Nothing exceptional. And the rate of G and A on sales will be lower in 2015 than it was in 2014.
And the Celgene payment booked in externalization?
So the Celgene payment, the €450,000,000 will be recognized as an extension of revenues in the Q2 or when the transaction is closed because this needs to be done.
Okay. We're locking on Vida.
That's why we called it out. It was around €9,000,000 for the quarter. For Crestor, we did see in January slightly lower TRx share than we're expecting.
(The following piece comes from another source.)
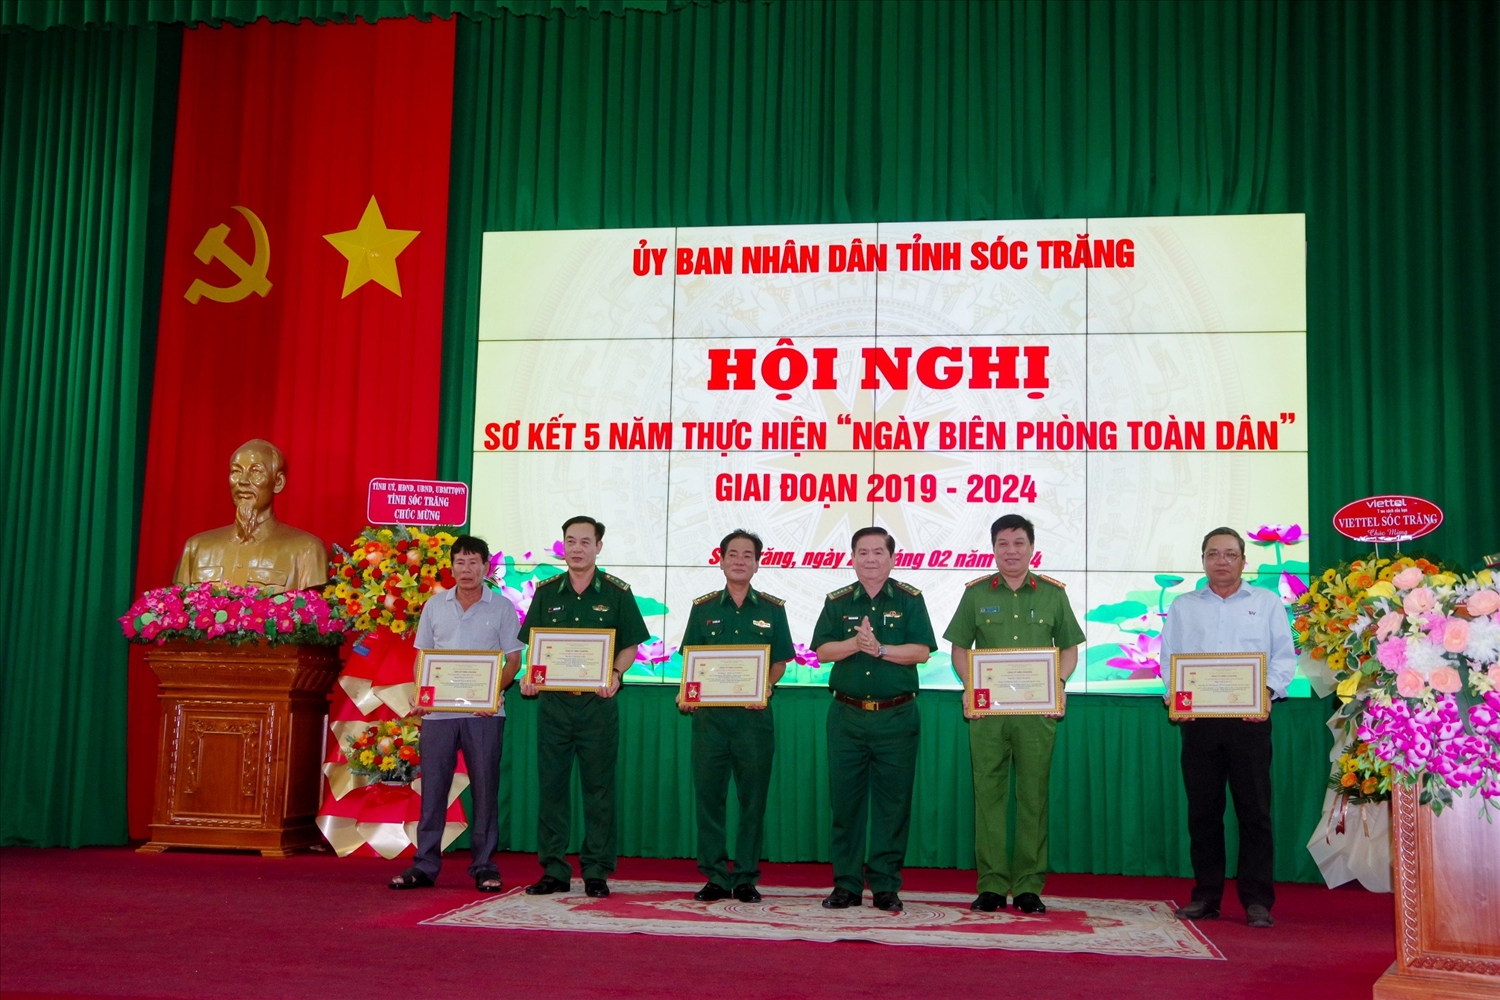  Đại tá Trịnh Kim Khâm, Chỉ huy trưởng BĐBP tỉnh Sóc Trăng thừa ủy quyền của Bộ Tư lệnh BĐBP trao Kỷ niệm chương Vì chủ quyền an ninh biên giới Tổ quốc cho các cá nhân
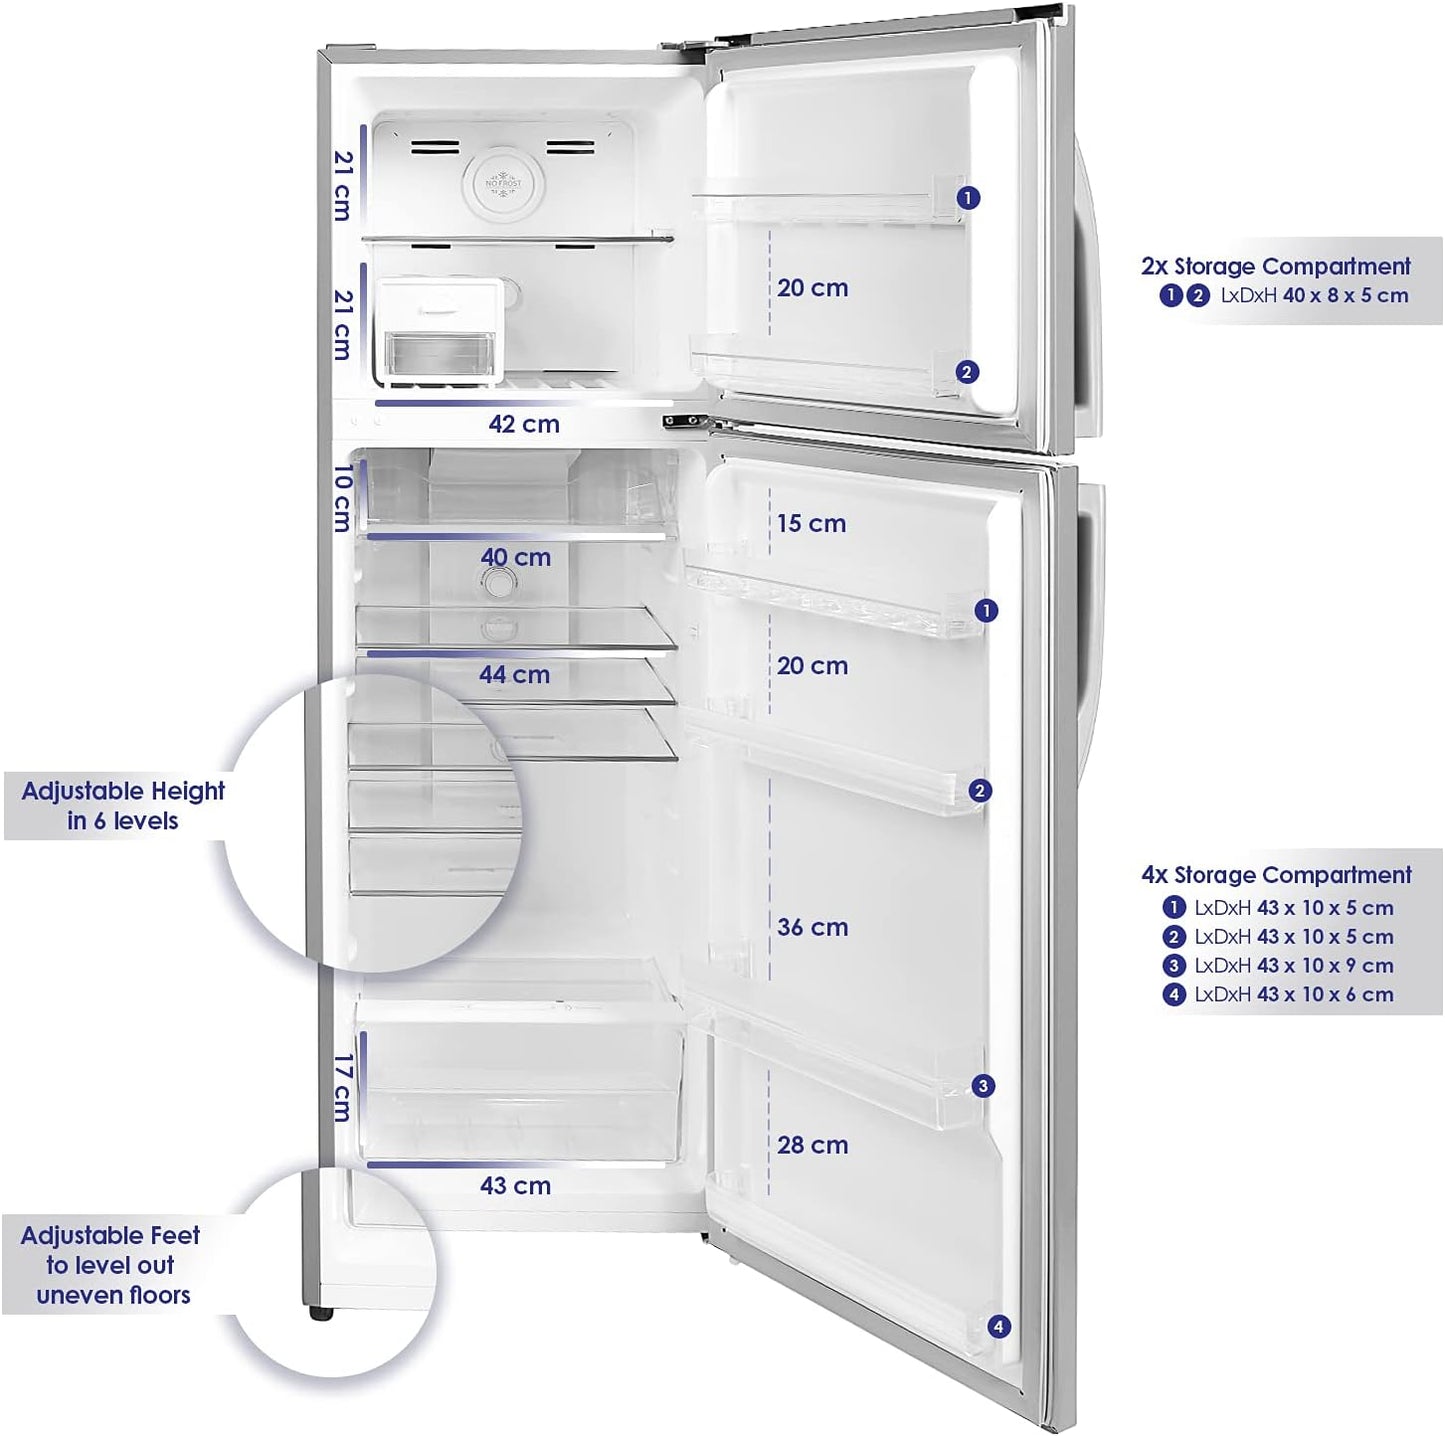 Super General 360L Double Door Refrigerator

I mean, there is seasonality with CV products, of course, as patients wait to see which plan their employers are going to take. So they can be reluctant to fill scripts at that point.
But again, we expect this of that, which is not always visible is the impact of the fee, which was employed, as I said, that ranges between 2.5% 3% on products in the U. S, which can distort the figures somewhat.
Thanks, Luke. So I'm really sorry. I know we have more questions, but we have to stop at 1 And so we unfortunately need to end our Q and A now. Let me just thank you all for joining us today. And those who have still questions, if you could contact our IR group that would be great.
And I'd just like to leave you with a parting thought that we believe we had a good start for the year. We're progressing our pipeline. We're implementing our strategy, which includes this externalization dimension, which is a sustainable part of our business model moving forward. We're on track to deliver our goals. We believe we can deliver the guidance for the year.
And the most exciting part is we believe we're making tremendous progress with our pipeline. So with that, thank you so much for joining us.